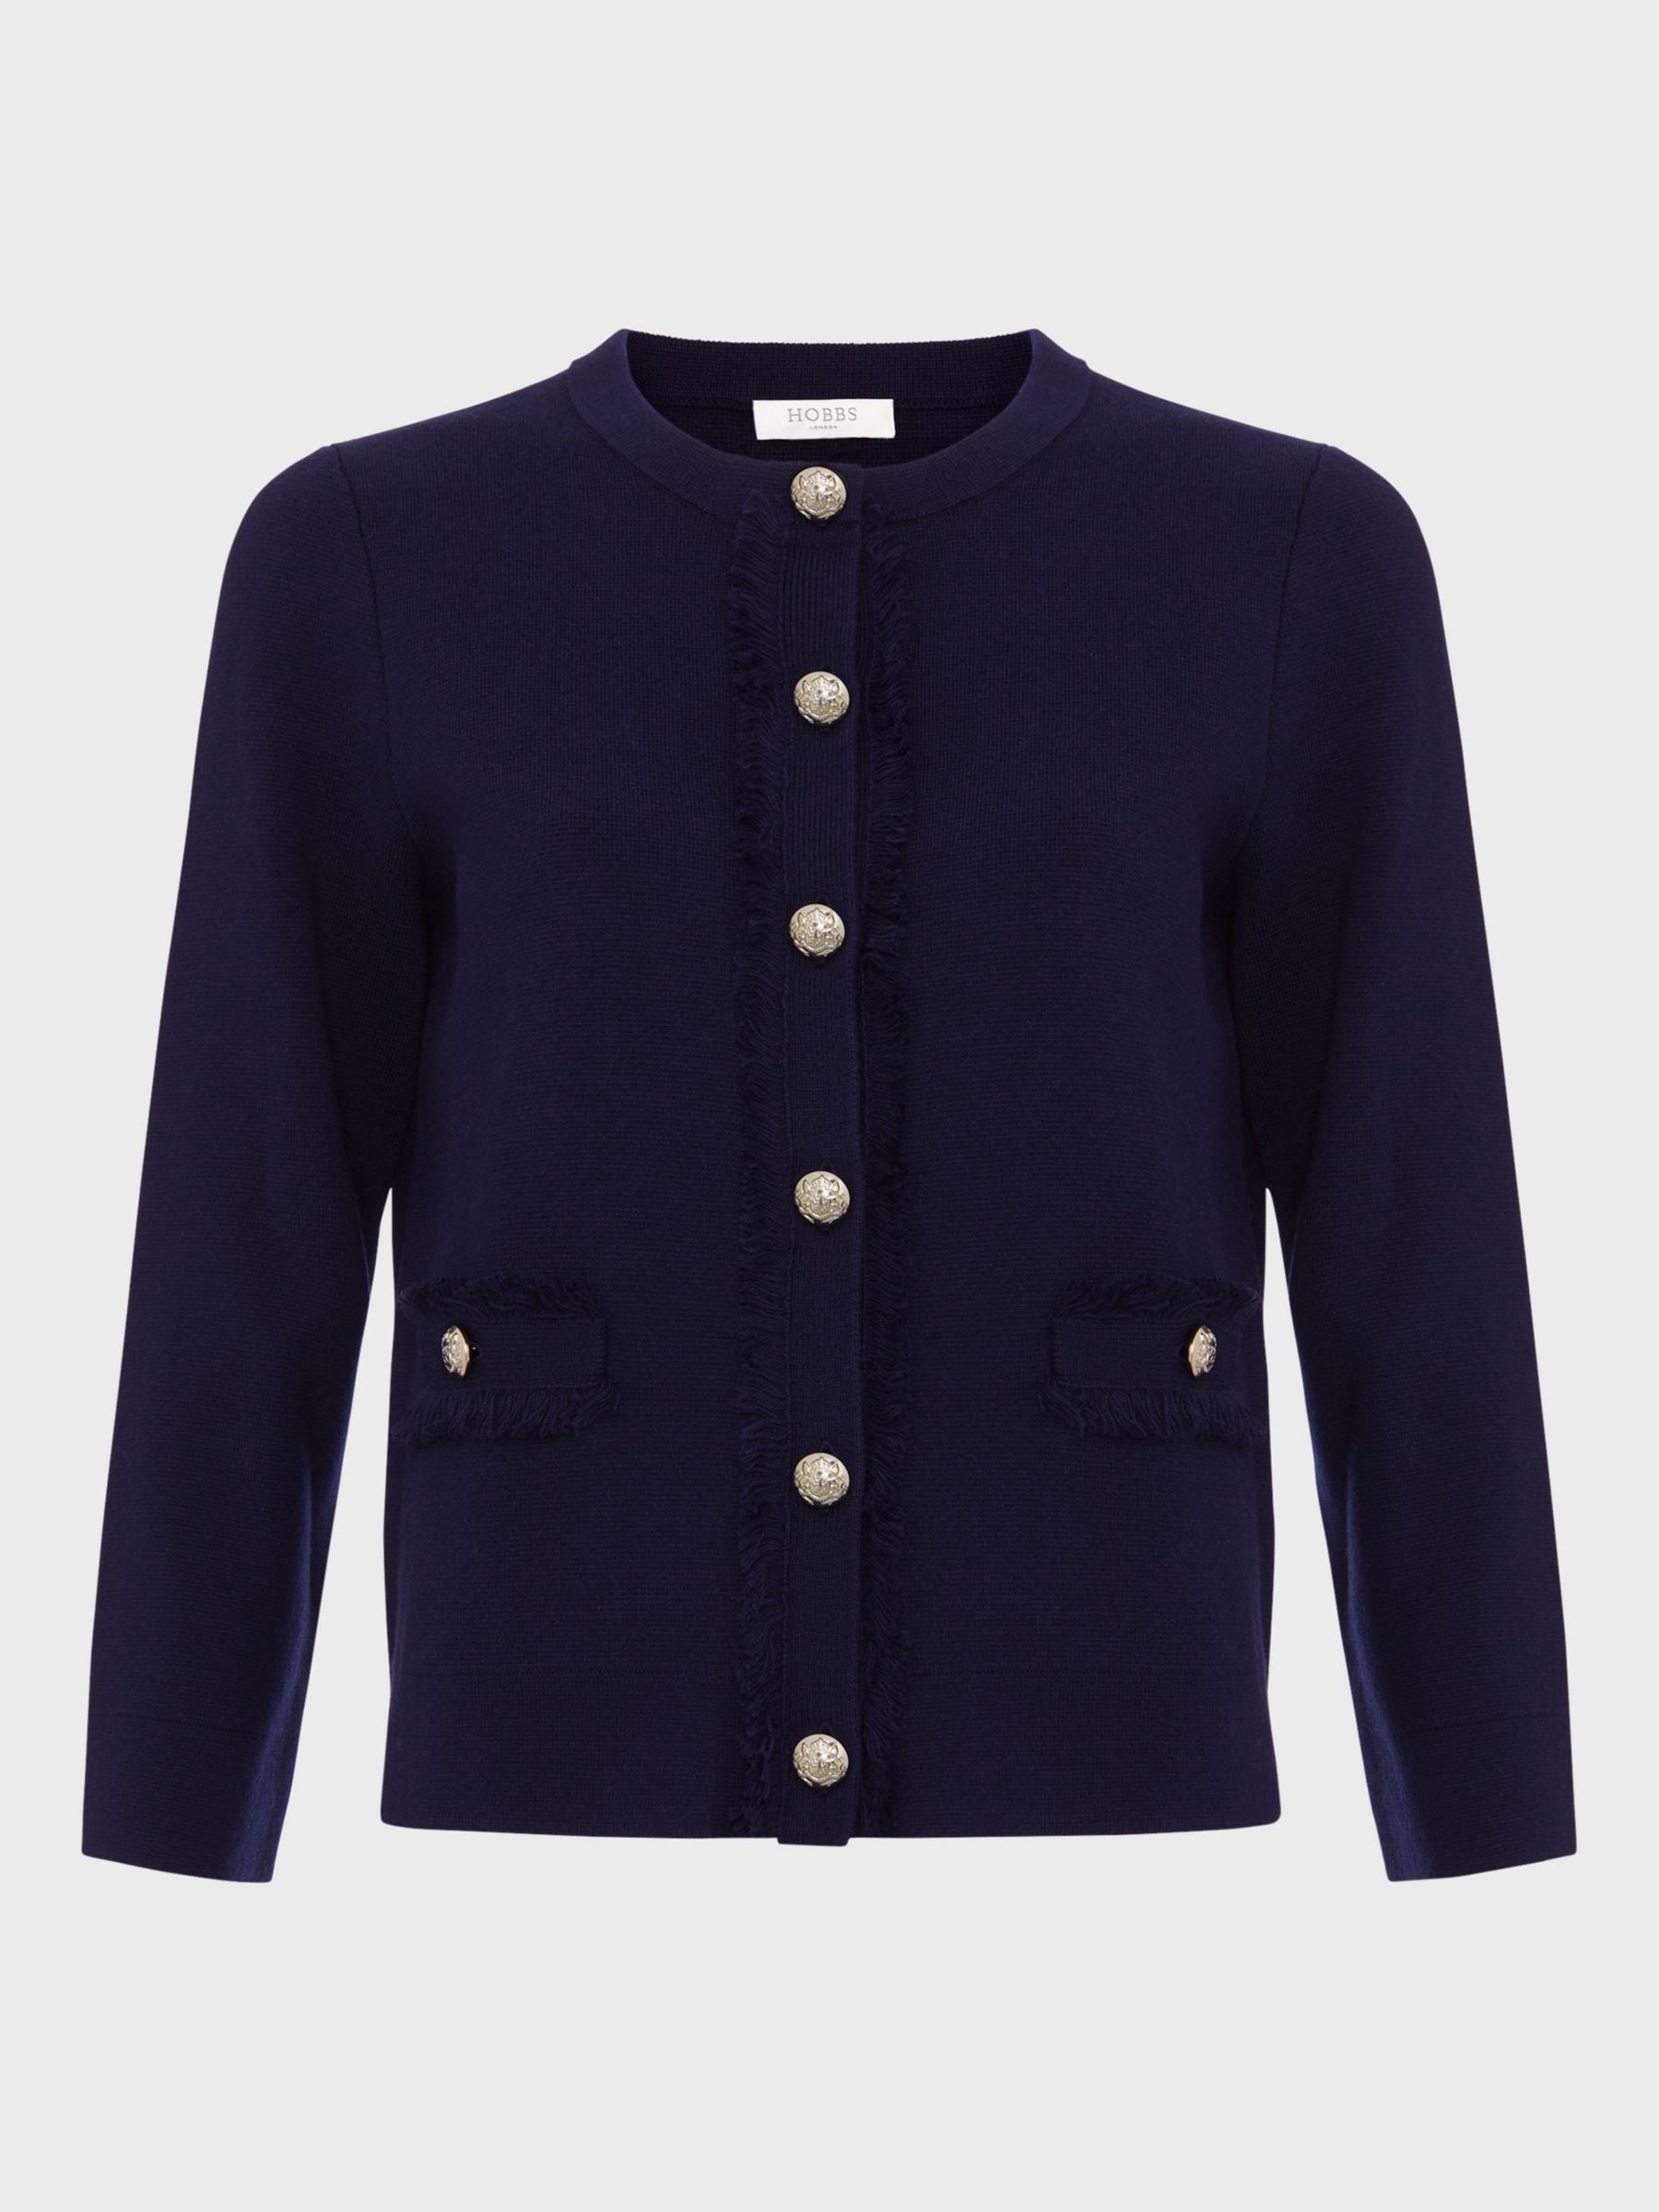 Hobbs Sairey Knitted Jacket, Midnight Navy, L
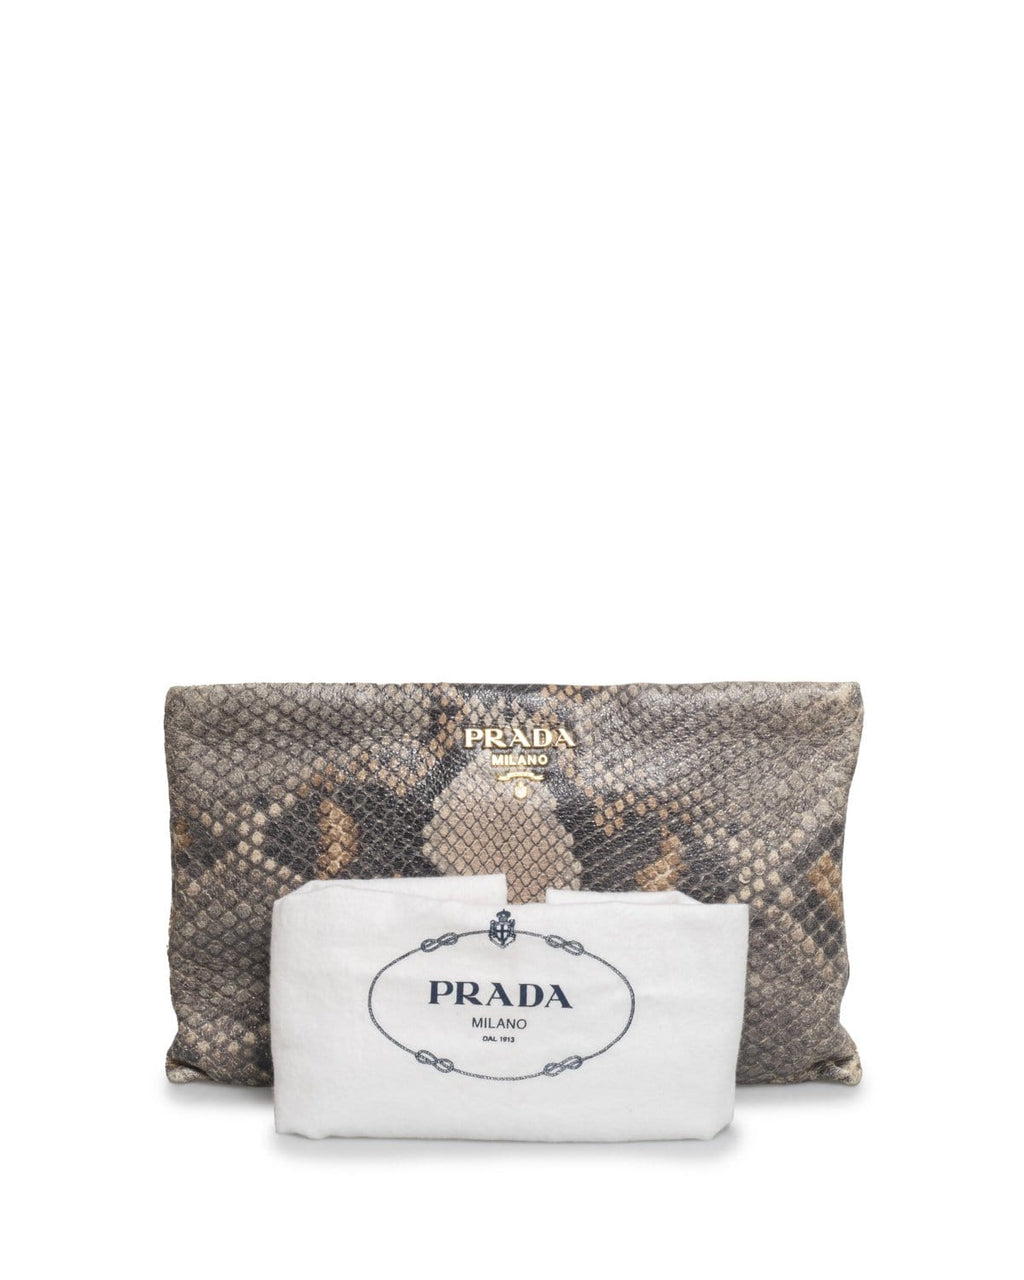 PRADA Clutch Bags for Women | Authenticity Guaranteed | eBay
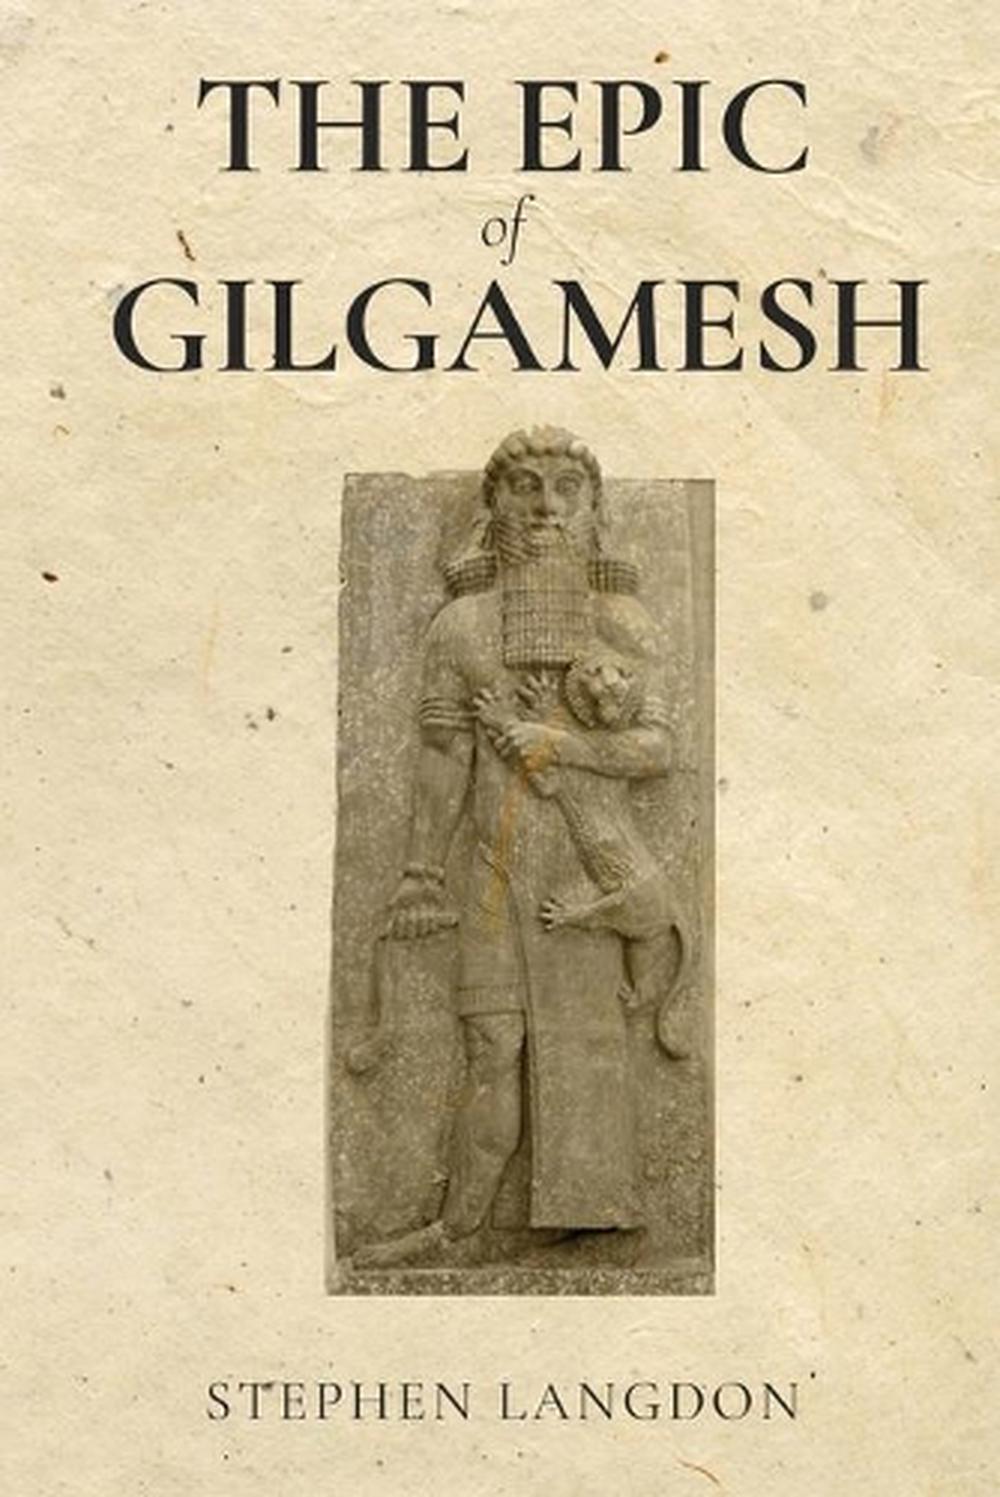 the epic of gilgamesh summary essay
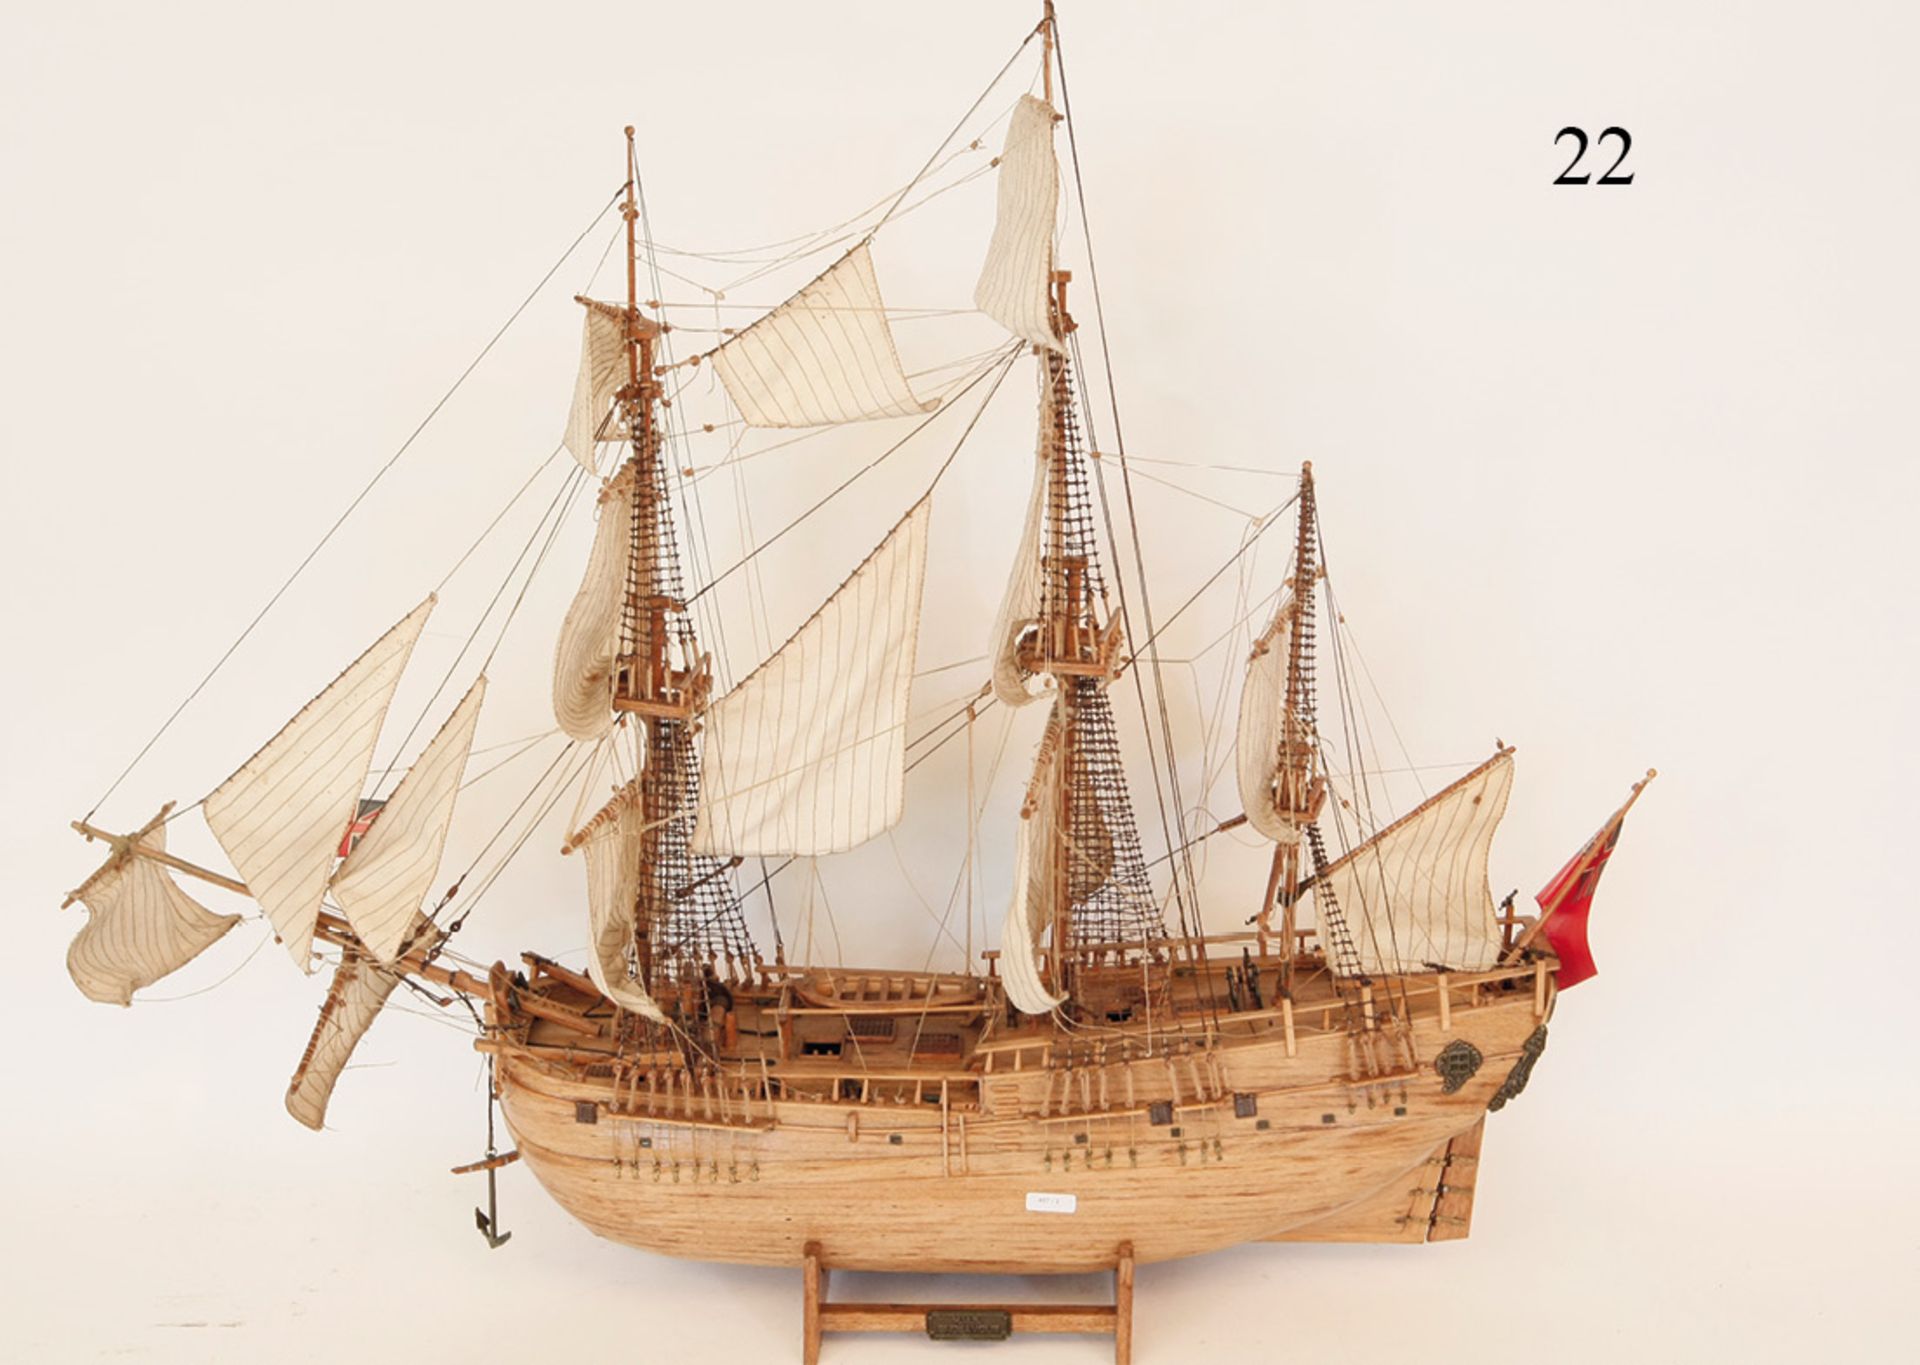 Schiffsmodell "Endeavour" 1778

= = = = = = =

Your answer should consist solely of the lines from the line with "the epic of gilgamesh summary essay" to the final line of the listing, set down word for word, pictures omitted.

 the epic of gilgamesh summary essay
 Schiffsmodell "Endeavour" 1778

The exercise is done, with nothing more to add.